Облако пахнет, как свежевыбитый чек.
Каждая вещь одна. Каждая тварь
видна.
Я стою в стороне и даю имена.
Имя расскажет всем, где для тебя
простор.
Имя покажет всем, где у тебя
мотор.
Висла зовет весло, ветошь
вырастит вошь.
Имя раз приросло – с мясом не
оторвёшь.
Названные с тех пор ненавидят
меня.
Даже ржавый топор попрекает,
звеня:
«Ты не вложил труда!
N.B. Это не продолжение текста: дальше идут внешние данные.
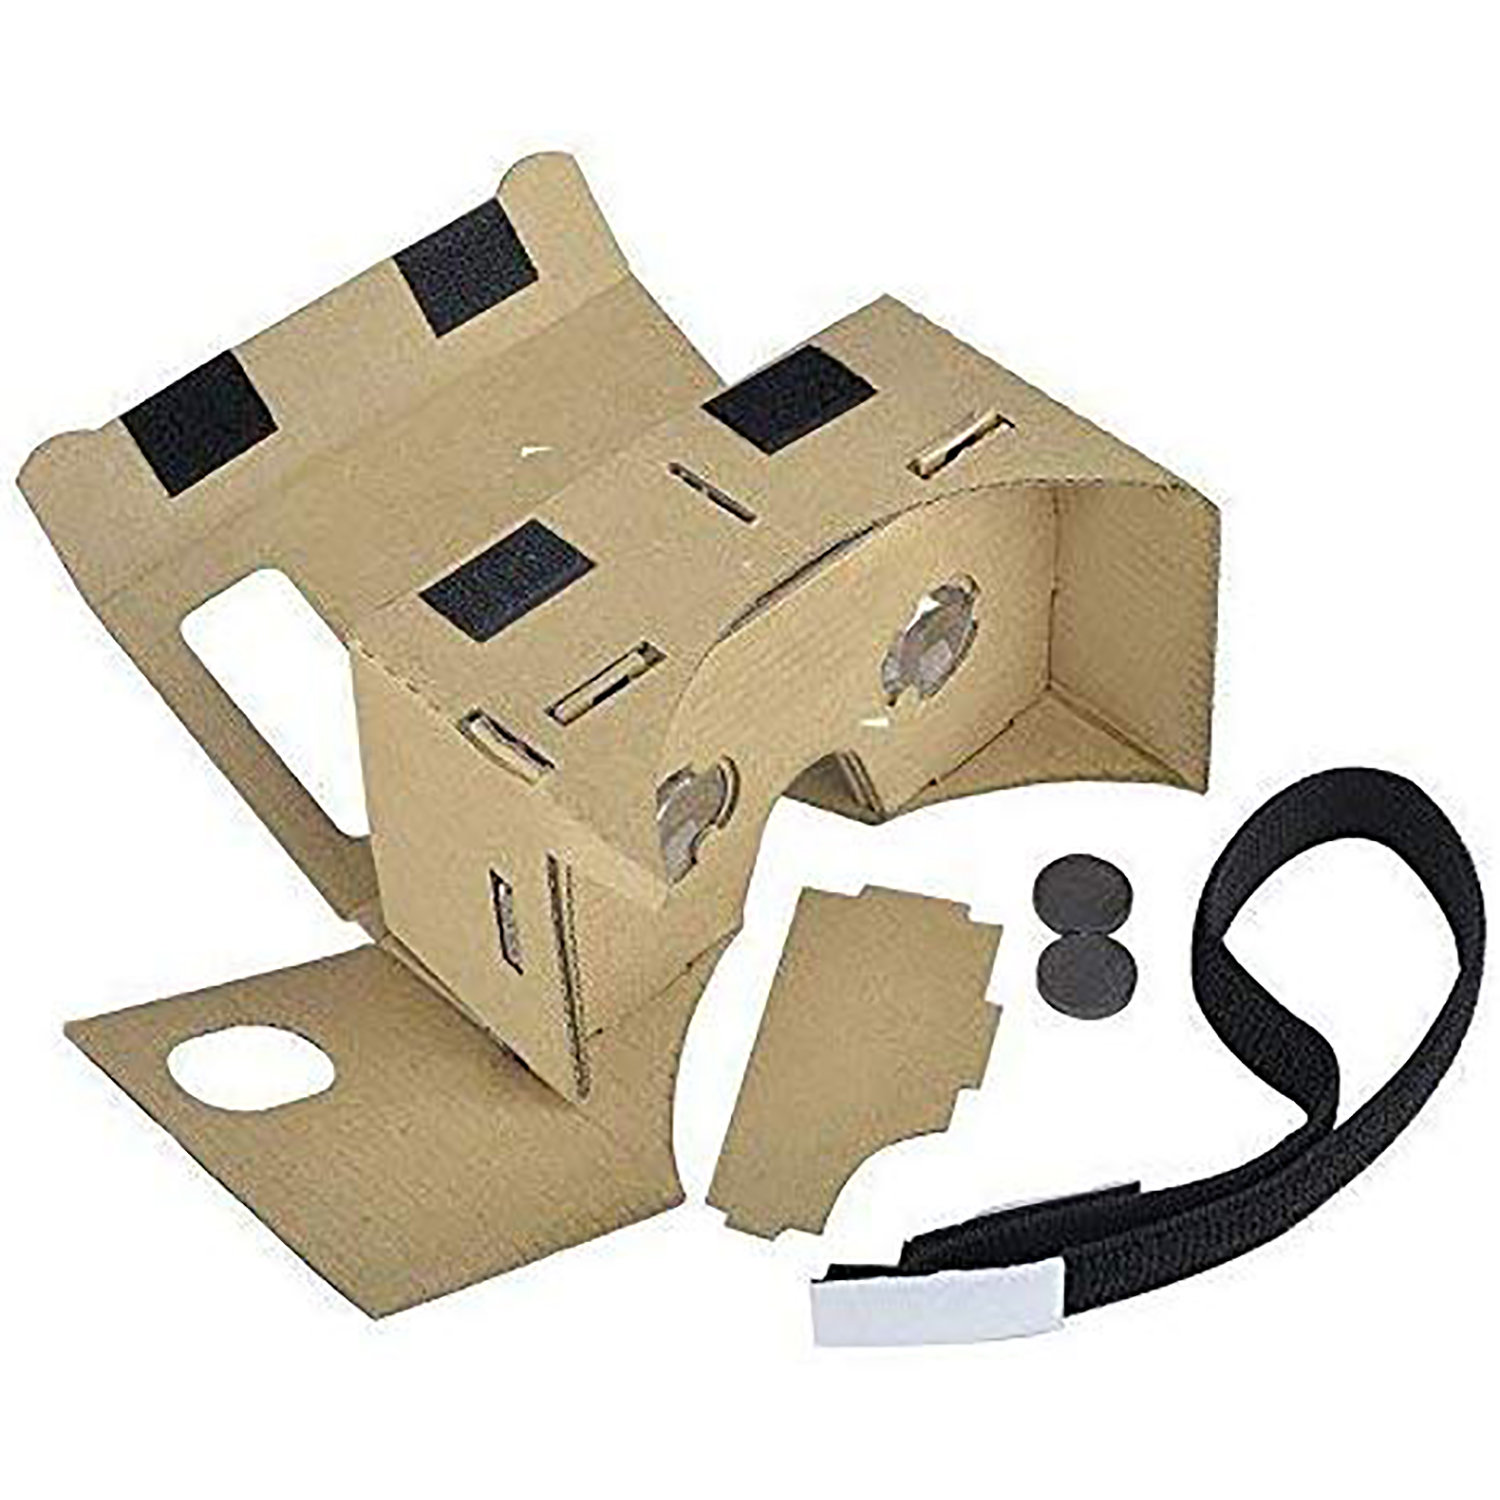  I AM Kartong VR kartong Headset Kit V1

Не отесал
бревна,
Тухлая ты вода!»
Я давал имена.
*
* *
На плоских экранах мелькают нули,
Смешались хиджабы и хаки,
И кровь человечества из-под земли
Толчками течёт в бензобаки.
На трубы надет магазин молодой
С названием американским,
С фальшивыми книгами, прелой едой
И даже с фальшивым шампанским.
Над полом висит золотой самокат,
Фальшивым металлом блестящий.
Послушай, я выйду, проверю закат.
Ты знаешь: закат настоящий.
Брусок раскалённый в воде
голубой.
И мы, пожилые болонки,
Присядем на кочку и выпьем с
тобой
Шампанского с бензоколонки.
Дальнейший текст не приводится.